The Heart of New England
Forcing Branches
into Early Bloom
by Marcia Passos Duffy  

While "spring" may have officially arrived we all know the reality of living in
northern New England: it’s not
really the spring season yet.  (We still have to get
through
mud season!)  

While we can already see stirrings of daffodils peaking up out of the ground,
we’re still weeks away from those true harbingers of warmer weather –- apple
blossoms, forsythia, lilacs.  

But, don’t despair.  You can easily “force” branches of your favorite bloom inside
your house –- and brighten your rooms (and mood) considerably.

Forcing: A Harsh Word for a Gentle Technique

“Forcing” branches
is a rather harsh word for a technique that I like to think as
“gentle coaxing” –-  it is persuading branches into believing that their time to
bloom has finally arrived.  

You can “coax” many different types of flowering shrubs and trees -– but timing
is everything.  First, the plant needs to be out of its dormancy phase (right now
most plants are).  Second, the closer the ornamental is to its real blooming time,
the less time you have to wait for forced blossoms.  For the best results,
remember to mimic springtime.  Warmth is important, but not too fast or the
flowers will get stunted and the colors faint.  Humidity is also important.

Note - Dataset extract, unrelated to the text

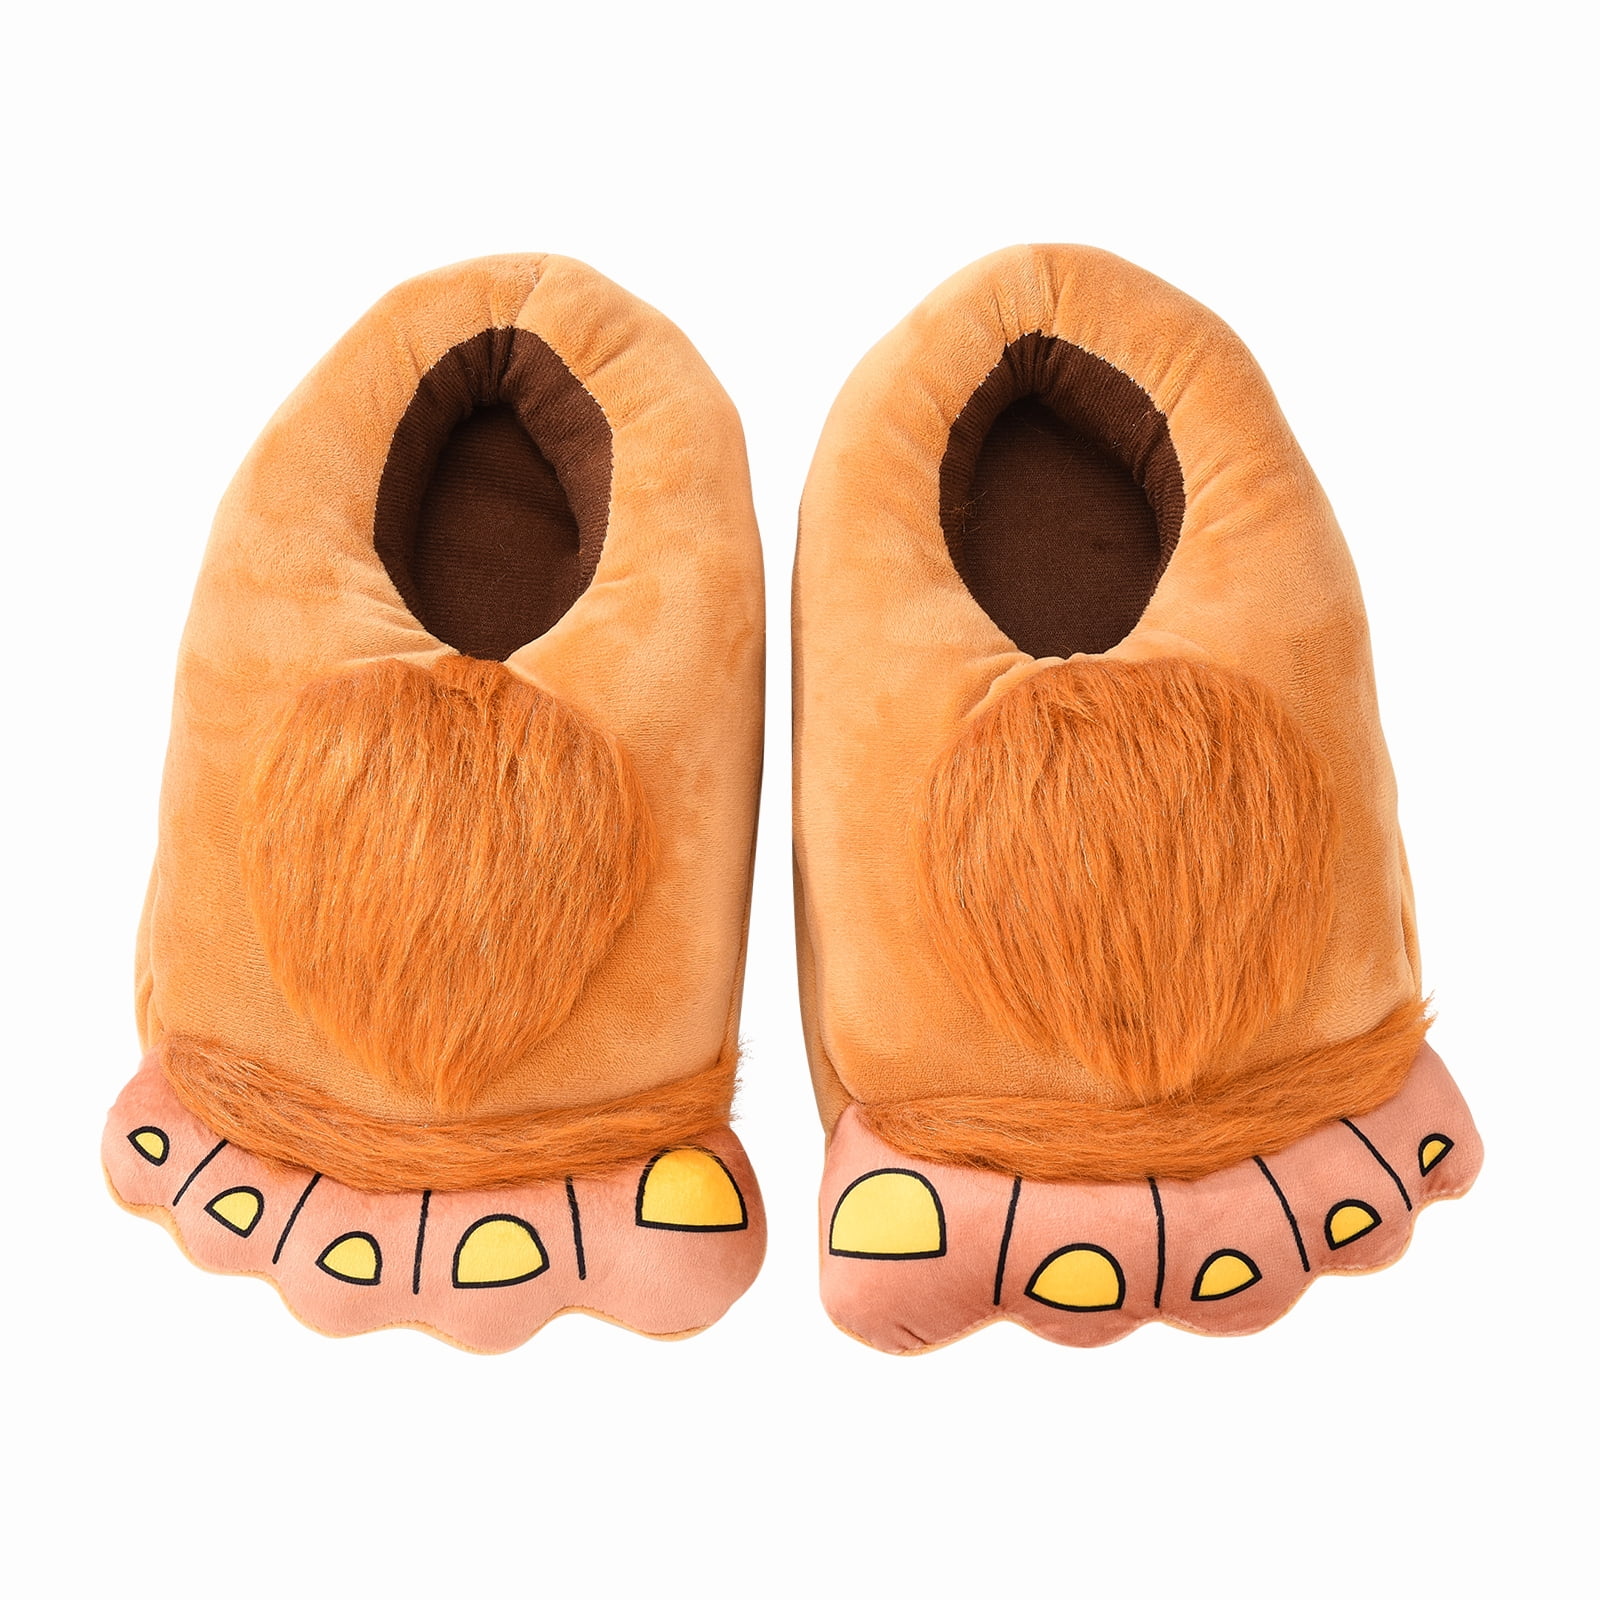 CreativeArrowy Furry Monster Adventure Slippers Comfortable Novelty Warm Winter Hobbit Feet Slippers for Boys Girls Suitable for Women Size 5 5 9 5 a8925843 b89f 49e8 9a2a 7f0d499750a6.f5fc6b155f31ac81eface93b6120a63c
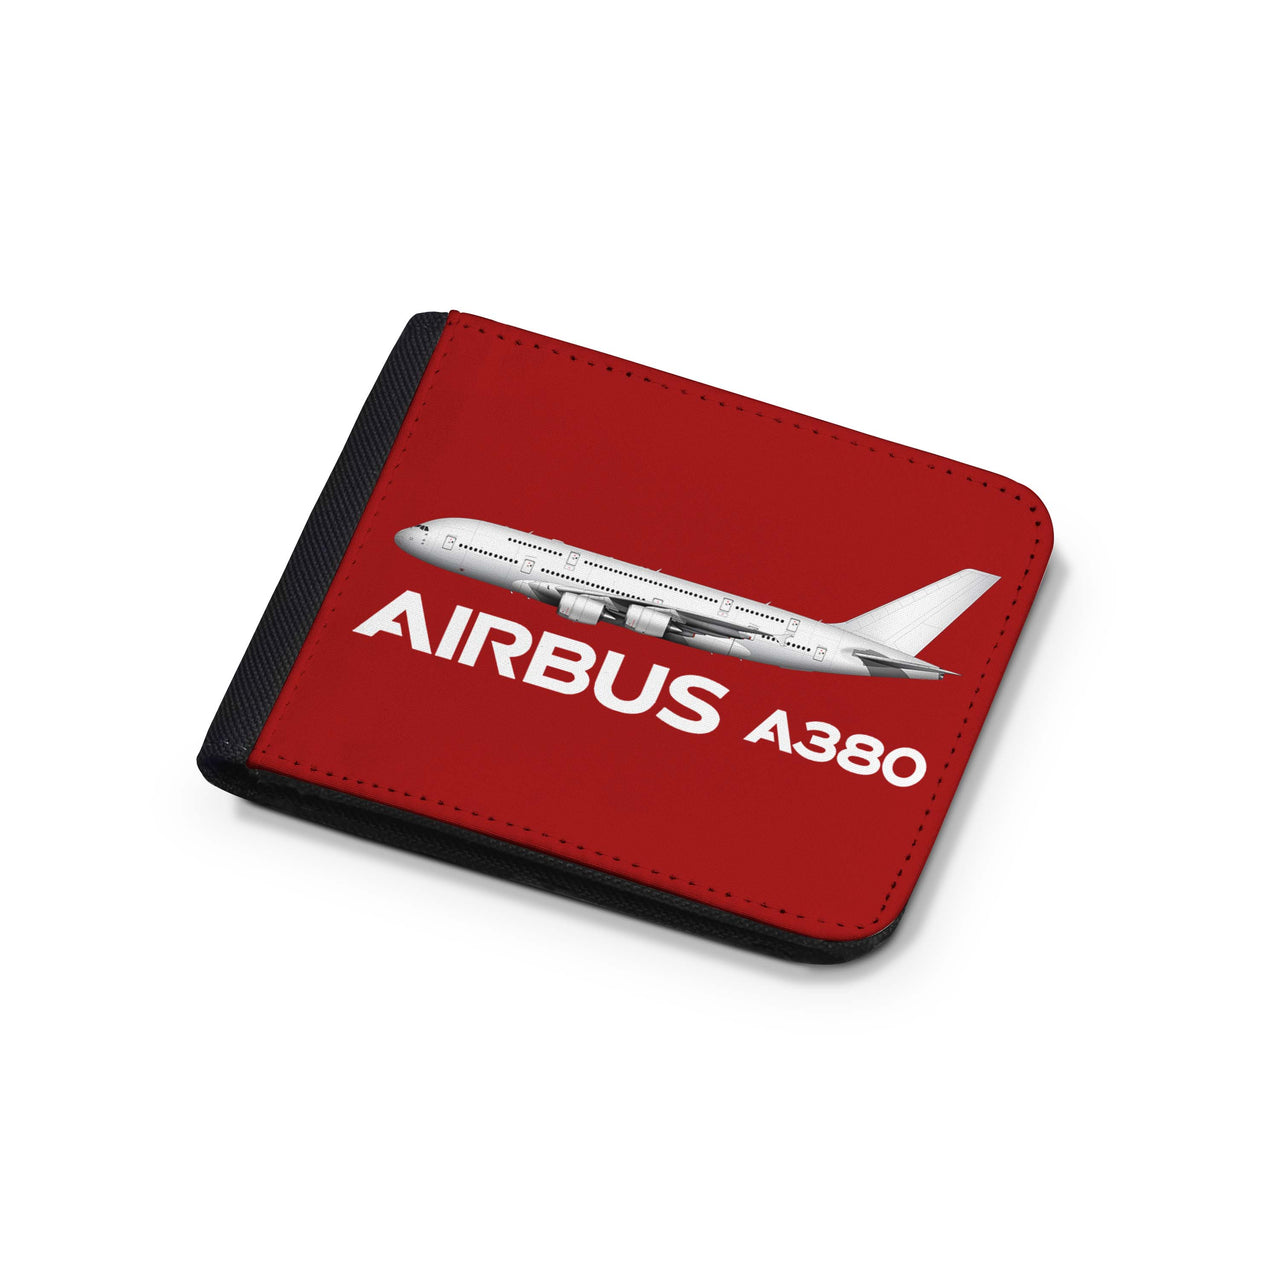 The Airbus A380 Designed Wallets

Here are some local favorites you might want to try:

Redbud
Flowering Quince
Flowering Dogwood
Hawthorn
Forsythia
Honeysuckle
Apple and Crabapple
European Pussy Willow
Spirea
Lilac

Guidelines for Forcing Branches

While forcing branches is simple to do, but there are a few guidelines for helping
the process along.

1.  Pick a day to cut branches when the temperature is above freezing. Forcing
can be done as soon as the plant is out of dormancy. This may be as early as mid-
January for forsythia and pussy willow.  However, for the more difficult to force
ornamental fruit trees (such as crabapple, apple and redbud) it's best to wait
until mid-March or longer.

2.   With pruning shears or a sharp knife cut branches that have numerous
flower buds
(you can tell flower buds apart from leaf buds by the larger size of
the flower bud).  Cut the branches like you are pruning the tree or bush –- don’t
disfigure the ornamental (you want it to still look pretty when the time comes for
it to truly bloom).

3.    After you bring the branches inside, split open stem bottom with sharp
scissors about 1 inch
(if it's a woody stem, gently mash the ends with a hammer).  
This will help the branches absorb water.  You may also want to re-cut the
bottoms a bit to ensure that air hasn’t blocked the cut end.  Remove any buds or
twigs that will be under water to prevent rot.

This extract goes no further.